I have assembled paired-end reads (illumina strand-specific) using trinity with some different settings, and then merged these assemblies and done some filtering. I now want to assemble the un-mapped reads (pairs that do not map concordantly), and I therefore mapped the reads to the assembly using bowtie2/2.2.9.
This was the command:
(bowtie2 -p 16 --un-conc-gz all_unmapped_R%.fq.gz --no-unal -k 20 -x merged3_may2018_corset.fasta -q -1 all_R1.fq -2 all_R2.fq | samtools view -@16 -Sb -o merged3_may2018_corset_bowtie2.bam) 3>&1 1>&2 2>&3 | tee merged3_may2018_corset.align_stats
Which gave the following statistics:
954299926 reads; of these: 954299926 (100.00%) were paired; of these: **211582978** (22.17%) aligned concordantly 0 times 185228876 (19.41%) aligned concordantly exactly 1 time 557488072 (58.42%) aligned concordantly >1 times ---- 211582978 pairs aligned concordantly 0 times; of these: 11851194 (5.60%) aligned discordantly 1 time ---- 199731784 pairs aligned 0 times concordantly or discordantly; of these: 399463568 mates make up the pairs; of these: 196662163 (49.23%) aligned 0 times 48139061 (12.05%) aligned exactly 1 time 154662344 (38.72%) aligned >1 times 89.70% overall alignment rate
Based on this, I thought there were 211,582,978 read pairs that did not align concordantly, and that these pairs would be separated into an R1 and an R2 file, thus with 211,582,978 reads in each.

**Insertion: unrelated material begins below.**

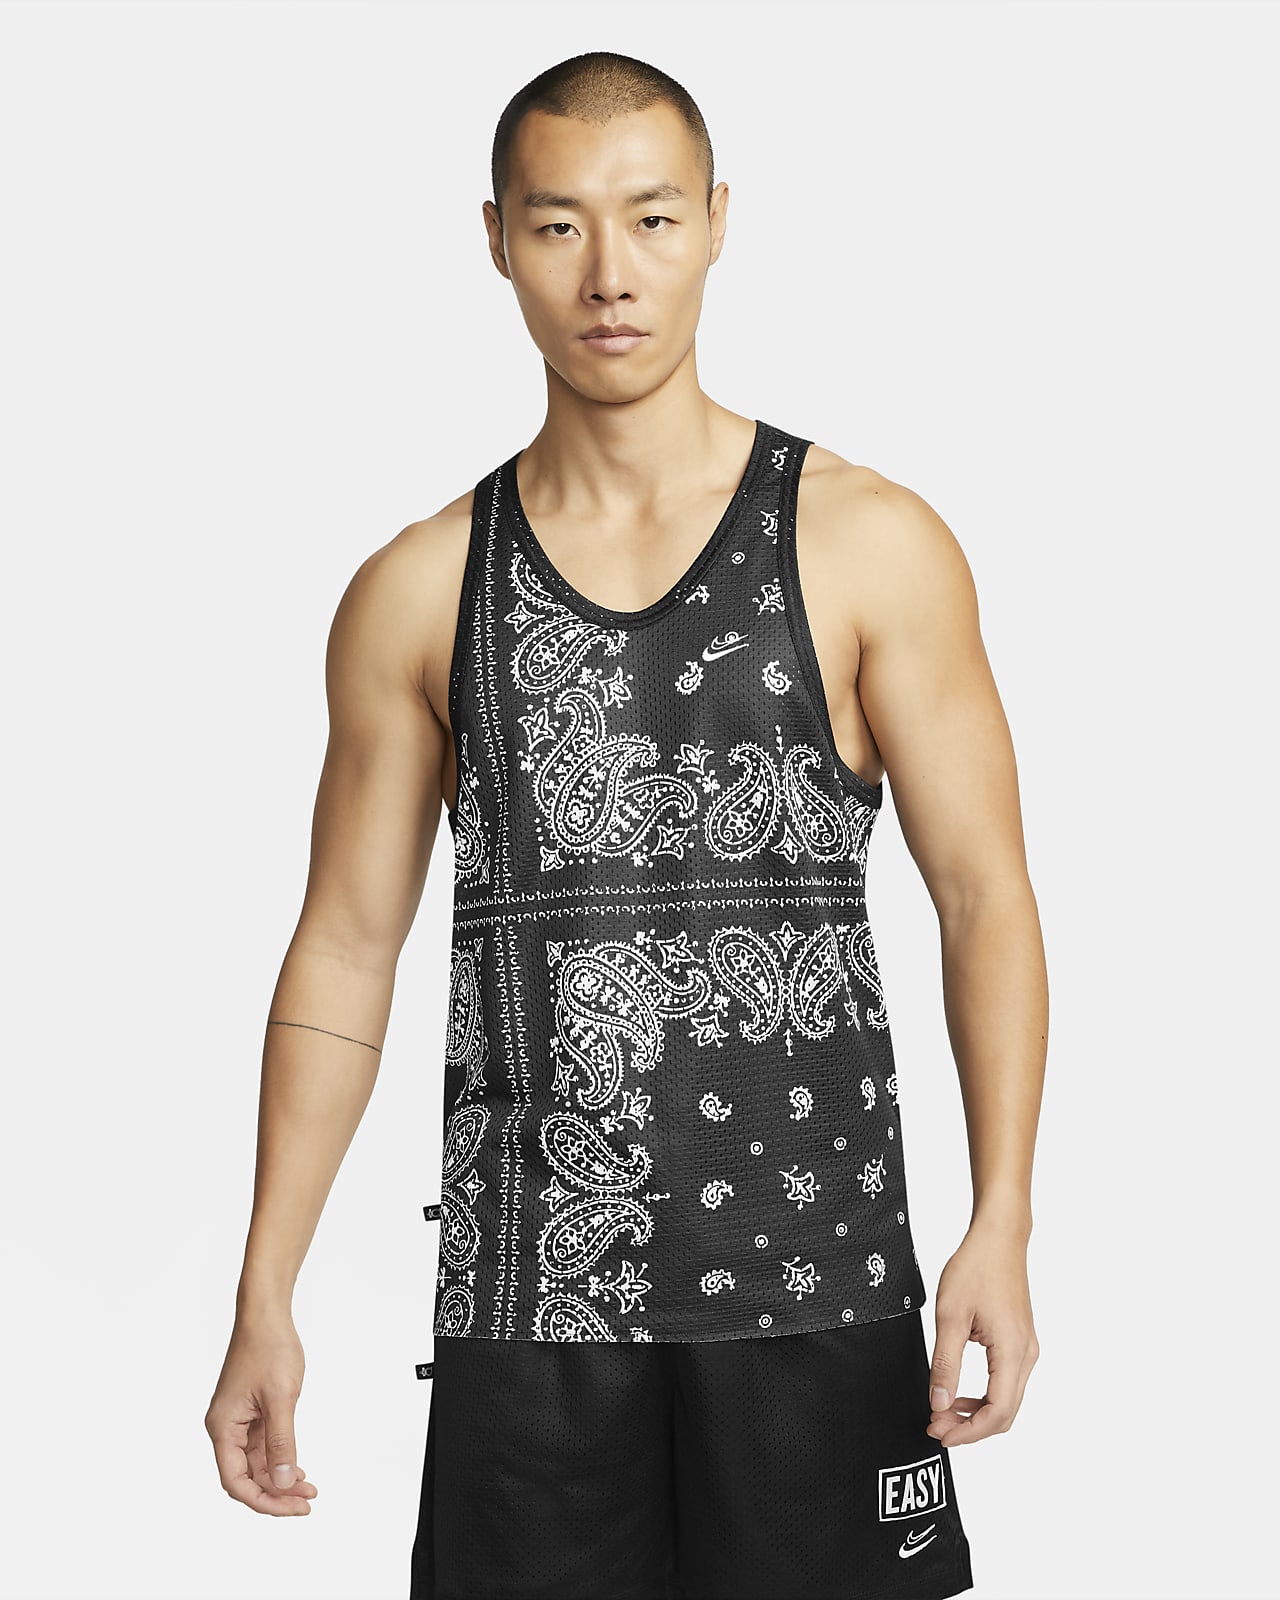 https://static.nike.com/a/images/t_PDP_1280_v1/f_auto,q_auto:eco/84cb4bf5-991d-4b8b-9de3-e2b0d54b800e/dri-fit-kd-sleeveless-top-M9ws1p.png

However, when counting the lines in the files and dividing by four, I get that there are 620,381,610 reads in R1 and 620,027,677 in R2...
So not only are there three times more un-mapped reads than I thought, and they have not been output as proper pairs :-/
Obviously, it makes no sense to assemble these un-mapped reads when they constitute 2/3 of all the reads...
Does anyone have any idea why there is this discrepancy? And how do I solve it?